Appeals:  Schools will have 14 days after the D/E rates have been released to let ED know that the school intends to appeal, if it does plan to do so.

Period of Ineligibility:  If a program becomes ineligible, the school may not try to have it reinstated as an eligible program for 3 calendar years from the date of notice of ineligibility.  Likewise, the school may not initiate eligibility for a substantially similar program during that 3-year period.  A substantially similar program is one that would share the same first four digits of the Classification of Instructional Program (CIP) code.  (See FAME’s June 30, 2014 Regulatory Bulletin, “Working with Code:  CIP Codes” for more information on CIP codes.)

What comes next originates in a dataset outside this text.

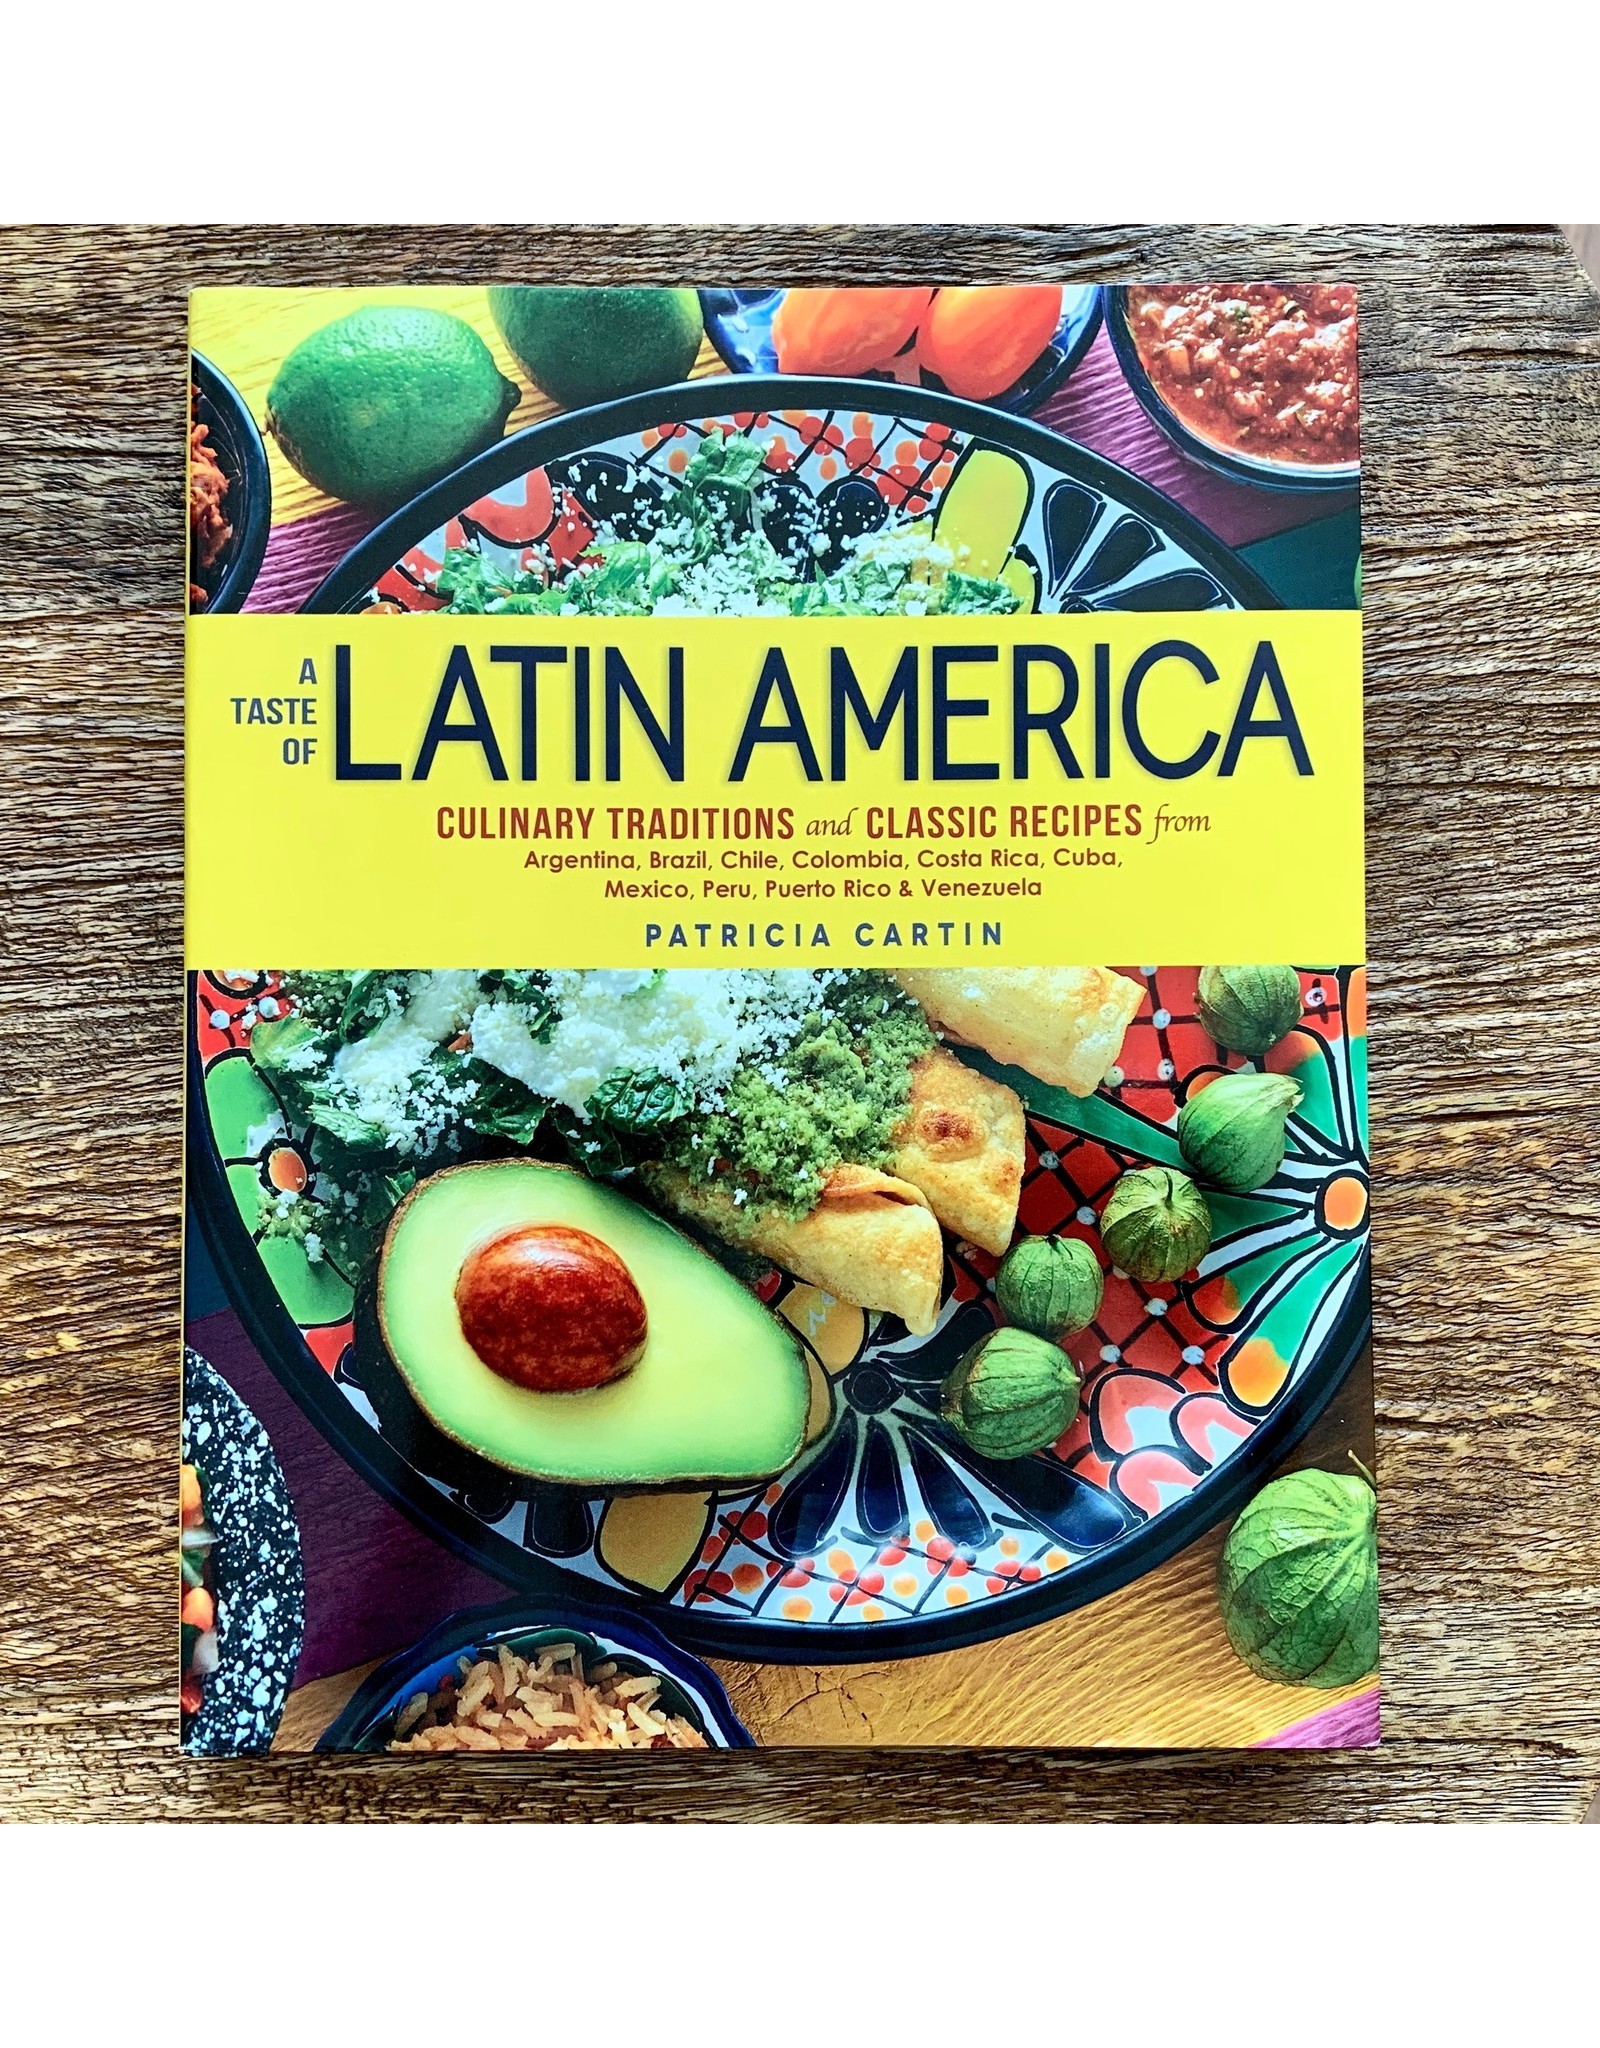 Cookbook "A Taste of Latin America"
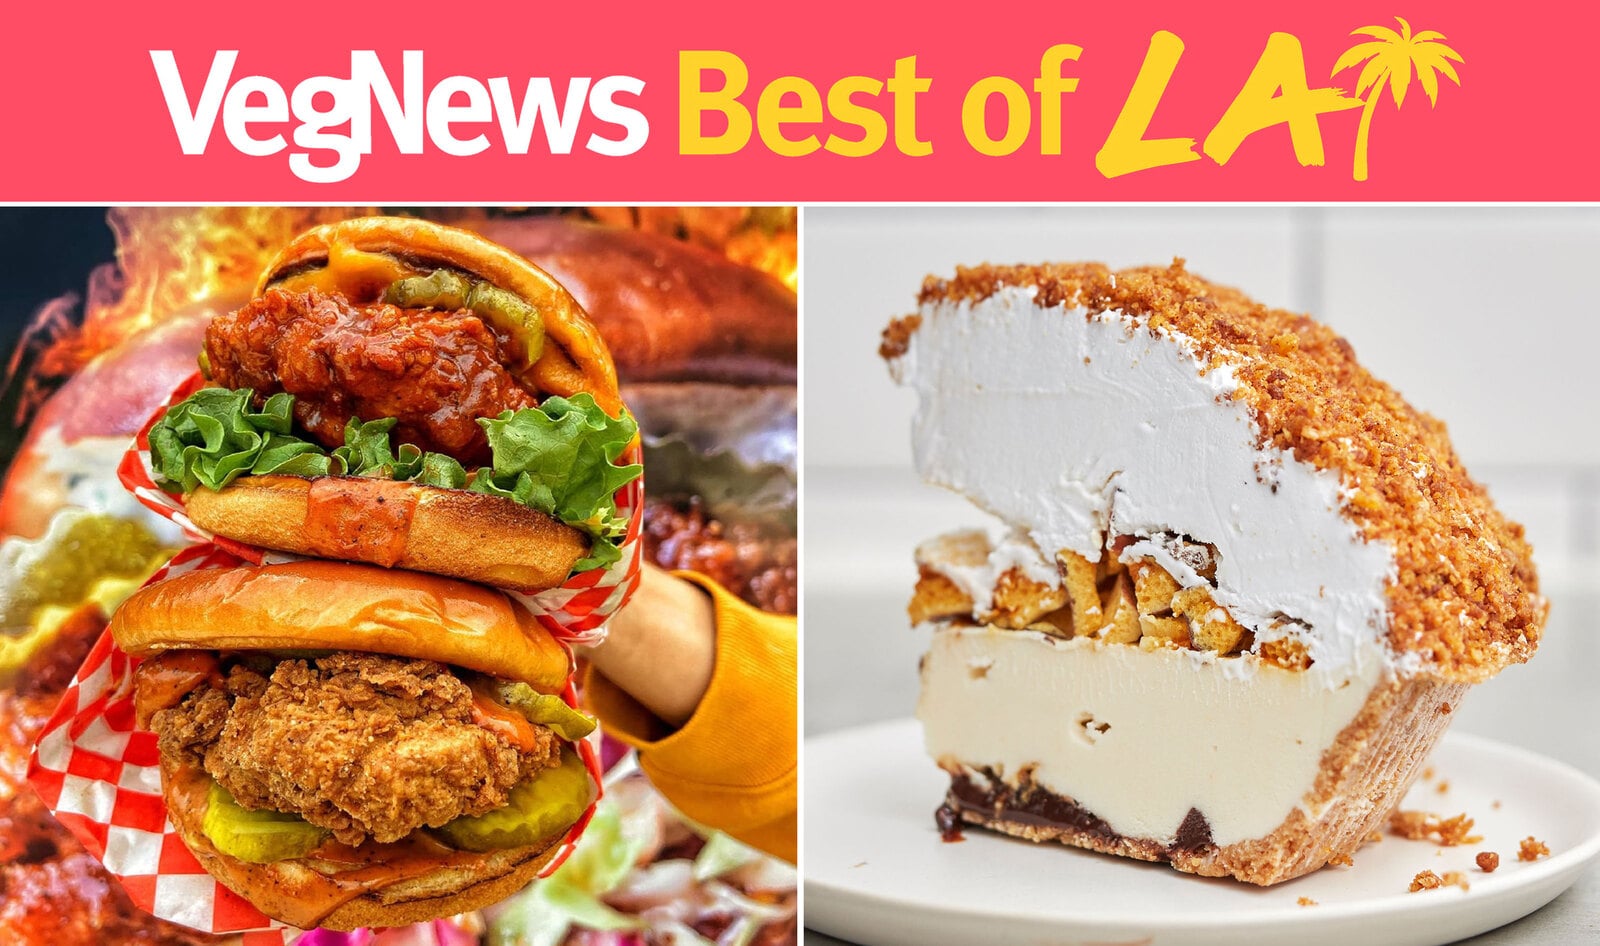 VegNews Best of LA Awards: The 34 Best Vegan Food Spots to Try<br>

Disclosures:  It is stipulated in the GE regulation that the disclosure requirements of this new set of rules is effective as of July 1, 2017.  This is to allow ED time to do consumer testing on the information that will be requested and disclosed.  Until the July 1, 2017, timeframe for the new disclosures, schools are required to continue disclosing information as has been stipulated in the prior regulation.  ED’s template is still to be utilized for disclosing the required information.  Schools are to have updated their disclosure information by January 31, 2015, utilizing ED’s current template and institutional data from the 2013-2014 award year.

Gaining from Gainful Employment

There is no question that the GE Redux creates some challenges.  And, it is yet to be seen whether it turns out to be the “trick or treat” (in recognition of the date the volume of regulations was released), or perhaps, a comedy or a tragedy.  But, one can hope that indeed the information reported to ED and disclosed to students will assist in ensuring students are more aware of the potential for their success upon graduation.  After all, schools offering programs that do not lead to a degree are in the business to educate and train students to succeed in the field of their academic endeavor, thereby becoming gainfully employed.



This article is presented for informational and educational purposes only and should not be considered to be giving legal advice.